Д: Ну, как посмотреть. Многим нравится быть обманутыми. Свобода сегодня -  это продукт, который давно подан на уценку.
А. Я не понимаю. Если все узники совести раскручены властью, то рано или поздно люди догадаются.
Д: А., ты как ребенок, ну правда. На самом деле, большинство уже в курсе, что происходит. Вот в чем заключается главный парадокс нового мира! Люди не стали глупыми, они умные. Просто они лишились своего мнения. И из-за отсутствия своего мнения, они, как никогда раньше, убеждены, что они не рабы.  Если очередного упыря показывают целыми днями по телевизору, все его обсуждают, постоянно упоминают его фамилию, естественно, это все раскручено властью, это и так всем понятно. Но правила игры нельзя  изменить – вот в чем суть, А. Если изменить правила игры, то на пьедестале будут люди по-настоящему созидающие.  На верхах придумываются различные законы жанра для искусства. Мы создали правила игры. За и против. Хочешь быть за - соблюдай эти правила, хочешь быть против – то же самое. За эти рамки не выйдешь
А.: Мать честная! Так это тотальное зомбирование.
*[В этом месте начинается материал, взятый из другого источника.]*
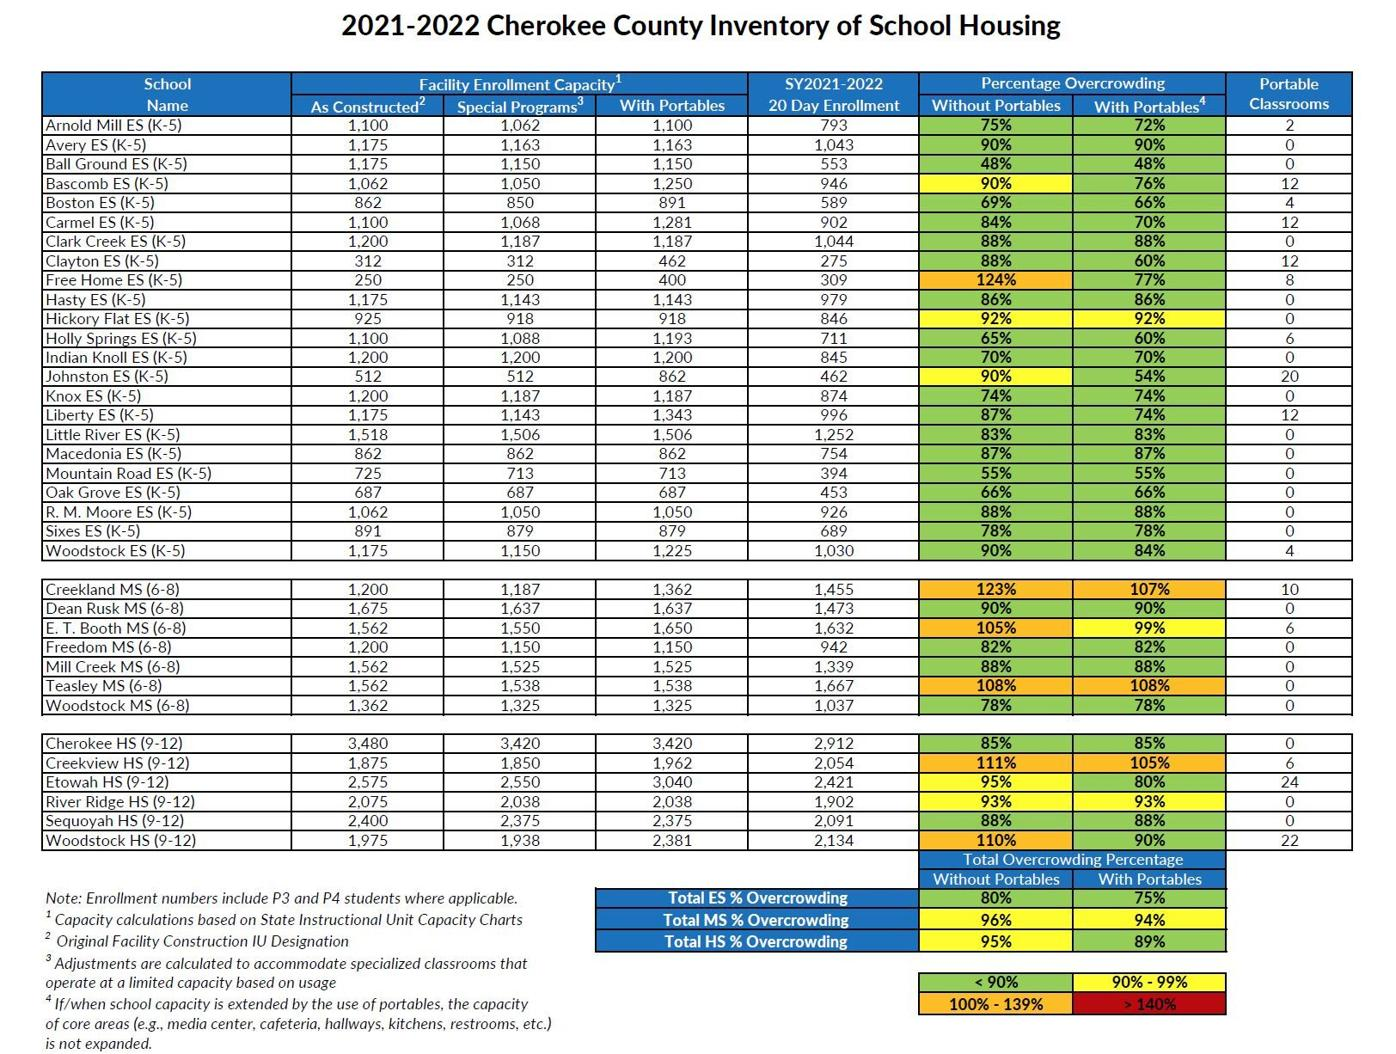 2021-22 Cherokee County Inventory of Student Housing.JPG
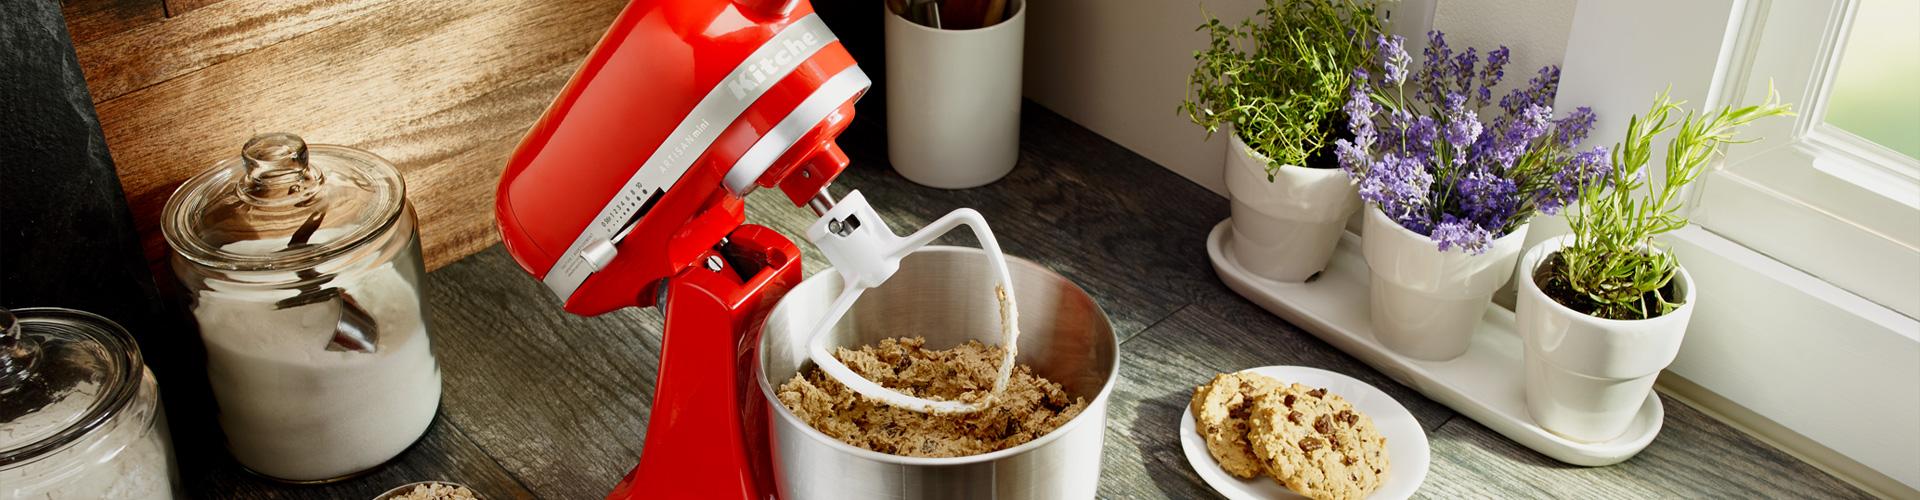 Keukengadgets als blikvanger #keuken #keukeninspiratie

Вы даже тех, кто против, подогнали под шаблон.
Д: А мы, по-твоему, вообще кто? Можно, конечно, подумать, что в эти примитивные игры, псевдо за власть, псевдо против власти, типа за свободу, типа против, бьются только твари дрожащие? Ну да, так оно и есть, только, если не желаешь – не играй! Тебя никто не заставляет. Но, если ты решил принести, что-то людям в плане искусства, ты должен сыграть. Хочешь - верь,  а хочешь - нет. Все, что мы делаем, все во благо вас – людей.
А.: Каких людей?
Д: Пока забудь про них, все они это просто безликая массовка для твоего автобиографического фильма: «А. - жизнь и страдание». Пипл хавает, ты пойми, заявок на борьбу очень много, мы готовы и хотим помочь.
А.: Репрессии стали слишком модными, народ устал. Я хочу выпустить поэму без оглушительной славы, просто делать для своих.
Д: Для каких своих? Ты что-то можешь противопоставить против всеми гонимого творца, страдающего и униженного, всеми презираемого, и на которого смотрят миллионы глаз. Что ты  можешь предложить?
А.: Талант и искренность.
Д: Короче, А., послужишь нам и, возможно, будет тебе второй путь русского писателя, некоторые вырезки из твоей поэмы уже одобрены сверху.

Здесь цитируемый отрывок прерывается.